Я люблю этот старый бабушкин кабинет. По утрам его наполняет солнце, и бытовые приспособления и украшения, которые в Америке так быстро устаревают, тут приобрели и сохранили уютную, неизменную поношенность, и ее не слишком нарушили магнитофон, настольная лампа дневного света и прочее, что мне пришлось добавить. Вкатив свое кресло в вырез длинного письменного стола, я сижу за ним, с трех сторон окруженный книгами и бумагами. У моего локтя стопка желтых блокнотов, стакан с карандашами и ручками и микрофон, на стене передо мной то, что висело на ней у бабушки все мое детство: широкий кожаный ремень, кавалерийский револьвер времен Гражданской войны с деревянной рукояткой, длинный охотничий нож и мексиканские шпоры с четырехдюймовыми репейкáми. Я обнаружил все это в ящике и тут же вернул на старое место.
Господь знает, почему она повесила эти предметы так, чтобы видеть их всякий раз, как поднимет голову от стола. Безусловно, они не в ее стиле. Ее стиль – дрожащие тени на этой стене от кистей глицинии под утренним солнцем. Она повесила их как напоминание о своей первой встрече с Западом? О доме под вечнозелеными дубами в Нью-Альмадене, куда она приехала молодой женой в 1876 году? Из ее писем я знаю, что у дедушки, когда он ее туда привез, они висели в проеме между столовой и жилой комнатой, и она оставила их там, почувствовав, что они кое‑что для него значат. Револьвер его брат отнял у пленного конфедерата, нож носил он сам все свои ранние годы в Калифорнии, шпоры дал ему мексиканец, погонщик мулов на серебряном руднике Комсток-Лоуд. Но зачем она вывесила его грубые, чисто мужские трофеи тут, в Грасc-Вэлли, спустя полжизни после Нью-Альмадена? Как напоминание себе о чем‑то, что с ней произошло? Похоже, что так.
Как бы то ни было, я сидел тут незадолго до полудня, не испытывая ни душевных, ни, насколько возможно, телесных тягот. Утро приносит свои блага: подъем и завтрак – полезная разминка, с этим я справляюсь без Ады, воздействие кофе и первой за день таблетки аспирина, солнечные лучи, греющие шею и левый бок.

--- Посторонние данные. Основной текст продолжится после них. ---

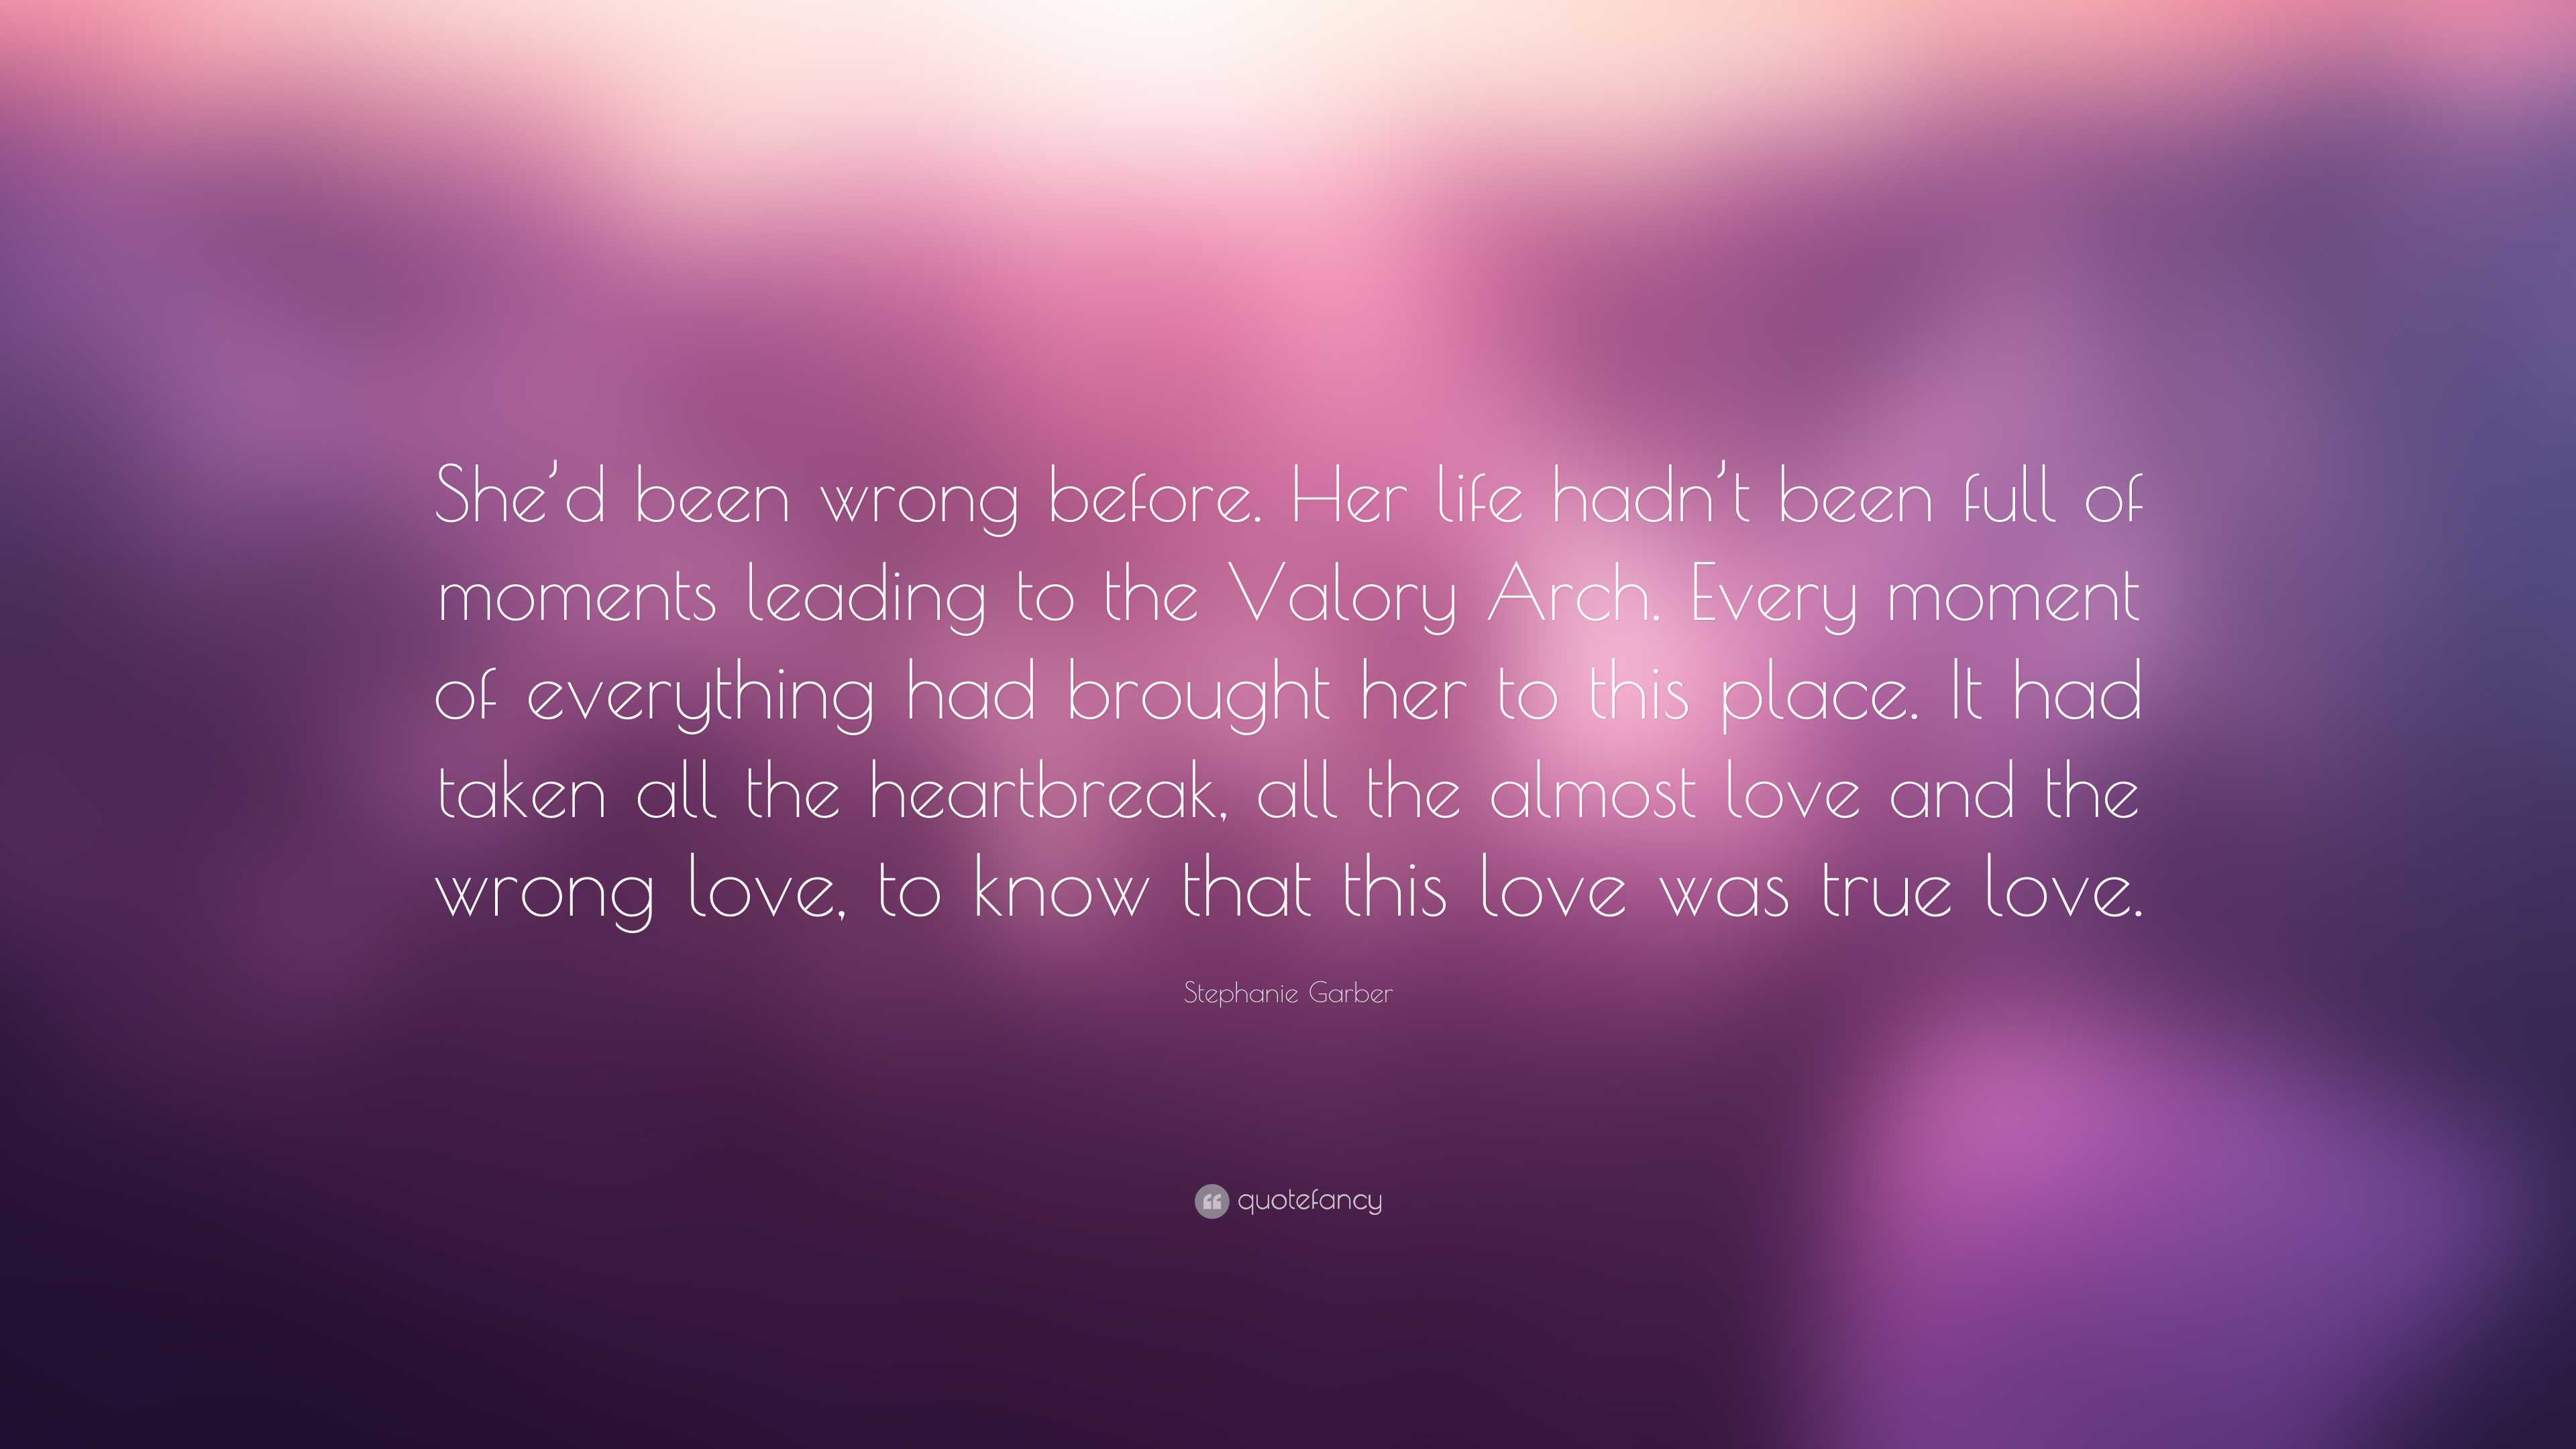 Stephanie Garber Quote: “She’d been wrong before. Her life hadn’t been ...

И тут этот палец на кнопке звонка.
Я оттолкнулся от стола, отчалил от залитых солнцем бумаг и повернул свое кресло. Два года практики – и все равно я не вполне привык к двойственному ощущению, которым сопровождается перемещение в инвалидном кресле. Сверху я незыблем как монумент; внизу – гладкая текучесть. Я передвигаюсь, как пианино на тележке. Кресло у меня электрическое, питание от батареи, физического усилия поэтому нет, и, поскольку голову я не могу ни поднять, ни опустить, ни повернуть влево или вправо, предметы сами поворачиваются вокруг меня, скользят через поле зрения от окраины к центру и дальше, к противоположной окраине. Стены медленно вращаются – вот передо мной створчатые окна, вот диванчик под окном, вот кисти глицинии снаружи; затем другая стена с фотографиями бабушки и дедушки, их троих детей, с портретом младшей, Агнес, – на этом рисунке с размывкой ей три года, ребенок – сплошные глаза; вращение продолжается, вот письма в рамочках от Уиттьера4, Лонгфелло, Марка Твена, Киплинга, Хауэллса5, президента Гровера Кливленда (в рамочки их я поместил, а не она); наконец поворот замедляется, и я смотрю на дверь с полосой солнечного света вдоль потертых коричневых досок. Когда вкатываюсь в верхний коридор, мой гость, нажимая на кнопку одной рукой, уже стучит в дверь другой.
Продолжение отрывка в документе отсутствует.